TASK PROMPT: What is needed is an exact copy of the line with "Encalhe o paraíso, praia" and all lines that follow it in the entries below, the last line included.

==============================

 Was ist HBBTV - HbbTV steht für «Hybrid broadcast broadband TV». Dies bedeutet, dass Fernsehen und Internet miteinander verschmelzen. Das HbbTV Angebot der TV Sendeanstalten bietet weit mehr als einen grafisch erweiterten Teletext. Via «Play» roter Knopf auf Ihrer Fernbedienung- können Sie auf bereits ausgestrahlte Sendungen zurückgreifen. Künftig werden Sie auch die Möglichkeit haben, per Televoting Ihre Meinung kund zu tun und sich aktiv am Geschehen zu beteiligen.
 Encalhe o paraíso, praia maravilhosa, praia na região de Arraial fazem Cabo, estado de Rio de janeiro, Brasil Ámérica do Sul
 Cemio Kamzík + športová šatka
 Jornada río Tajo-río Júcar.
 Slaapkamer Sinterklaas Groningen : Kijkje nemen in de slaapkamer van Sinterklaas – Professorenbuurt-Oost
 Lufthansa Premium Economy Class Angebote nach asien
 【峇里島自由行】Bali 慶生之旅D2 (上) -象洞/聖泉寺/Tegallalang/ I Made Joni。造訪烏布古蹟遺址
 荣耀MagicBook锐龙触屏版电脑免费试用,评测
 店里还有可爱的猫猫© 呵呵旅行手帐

==============================

PROBLEM SOLUTION:
 Encalhe o paraíso, praia maravilhosa, praia na região de Arraial fazem Cabo, estado de Rio de janeiro, Brasil Ámérica do Sul
 Cemio Kamzík + športová šatka
 Jornada río Tajo-río Júcar.
 Slaapkamer Sinterklaas Groningen : Kijkje nemen in de slaapkamer van Sinterklaas – Professorenbuurt-Oost
 Lufthansa Premium Economy Class Angebote nach asien
 【峇里島自由行】Bali 慶生之旅D2 (上) -象洞/聖泉寺/Tegallalang/ I Made Joni。造訪烏布古蹟遺址
 荣耀MagicBook锐龙触屏版电脑免费试用,评测
 店里还有可爱的猫猫© 呵呵旅行手帐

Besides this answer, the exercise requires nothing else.